Thomas McConkie: 01:00:35 Yeah, I mean the resources are extensive. Trust your nose. I mean, you could hop on a google search, find a local community in your neighborhood or you know, there will be teachers who inspire you more than others so that just really trust yourself and follow your nose is my advice there. I do my best to support the community that gathers here where I live and I produce a weekly show, a simple concept or aspect of mindfulness practice and then I, you know, do a practice, a guided meditation or something that invites you into that so that I do a podcast called Mindfulness Plus and you know, we also do events, meditation retreats, workshops, training, and that’s, you can check that out lowerlightsslc.org. So, you know, lots of different ways to touch into our community. And we’re one of many.

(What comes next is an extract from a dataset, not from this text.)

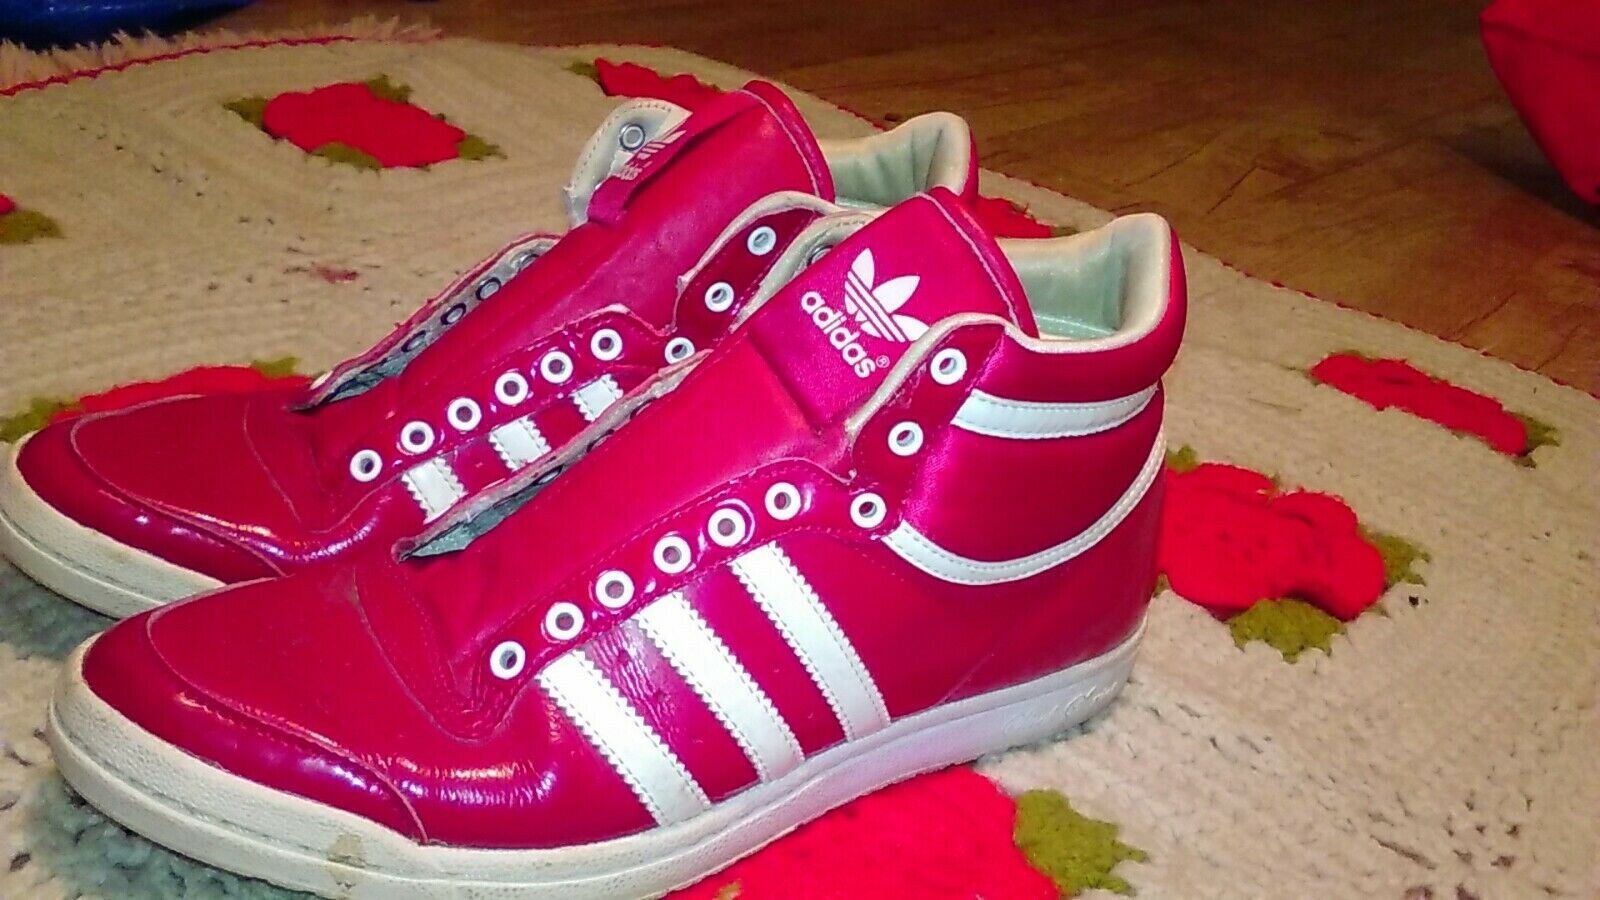 2012 Adidas Sleek Series Women's High Top Shoes Size 7 Red Shine no laces
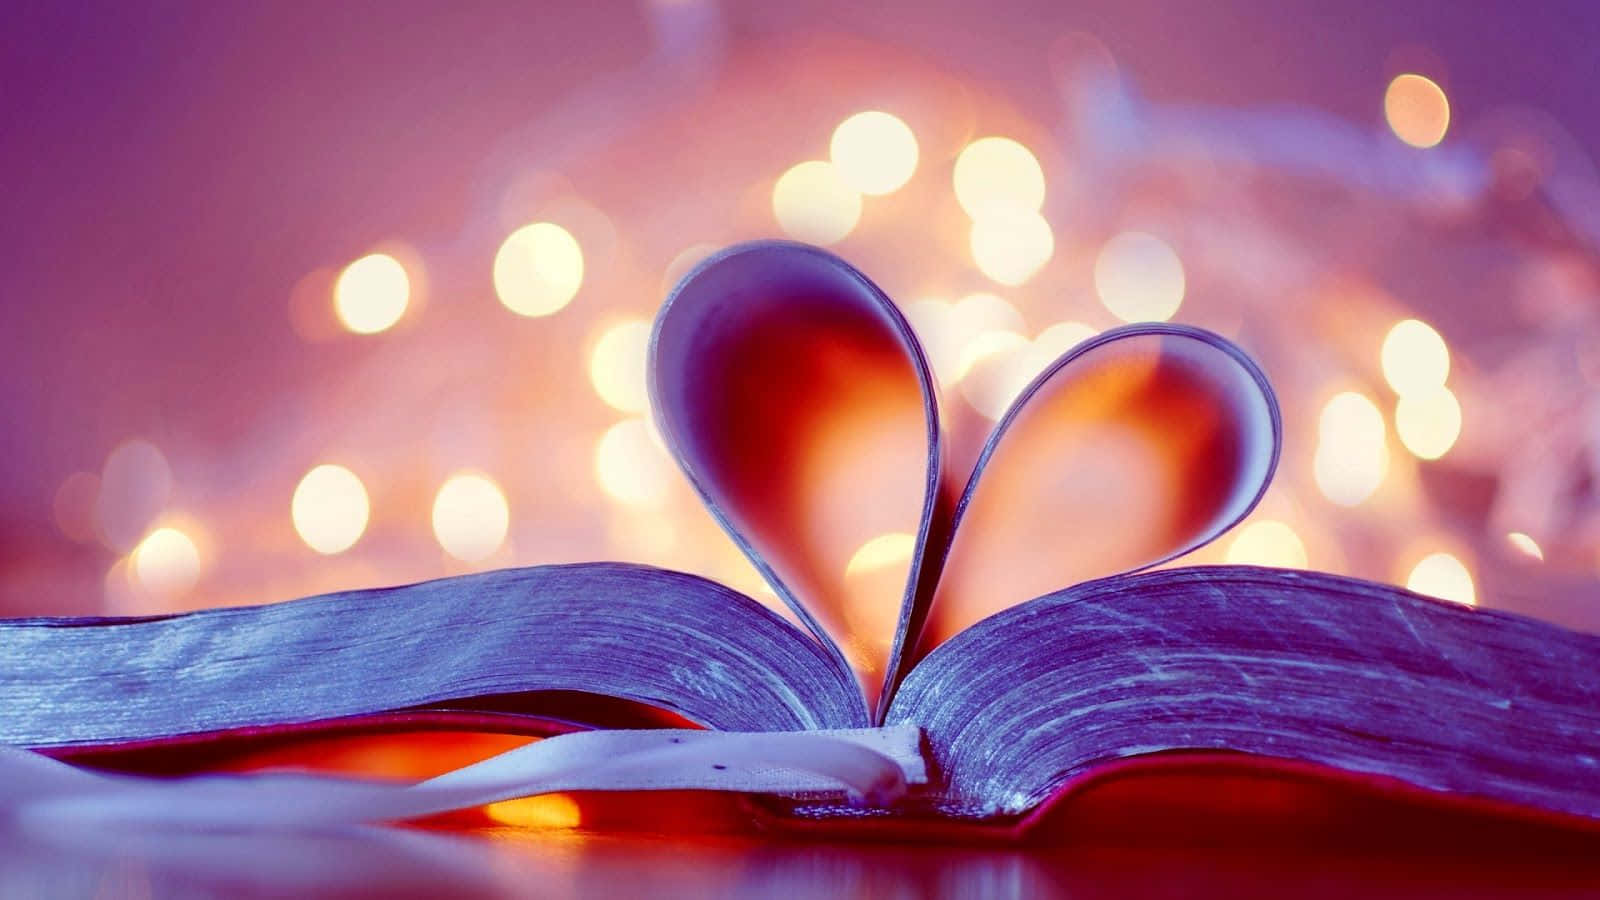 A Book With Hearts On It And Lights Behind It Wallpaper

Dave Sherwin: 01:01:33 Yeah, lowerlightsslc.org. Correct. And any social media or other places people can find you? Or is that the only thing they need?
Thomas McConkie: 01:01:47 The website’s a good place to start. We’re pretty active on Facebook, so that’s another place you can check us out.
Dave Sherwin: 01:01:54 Okay. Well Thomas, thank you so much for being on the show. This is a topic that is very interesting to me. It’s very meaningful to me. I’m like I said, I’m a novice. I’m learning these things and uh, already just with them, the little bit I’ve done, it’s made a big difference. I’ve seen it work well in other people’s lives. I mentioned my son who is meditating twice a day has had a huge improvement in his life and a lot of ways from that. I hope that those of you listening have, have picked that up and picked up some ideas and practical ways that you can be more mindful. Thomas, thank you again for being on the show.
Thomas McConkie: 01:02:37 Thanks for having me here. I’ve enjoyed it.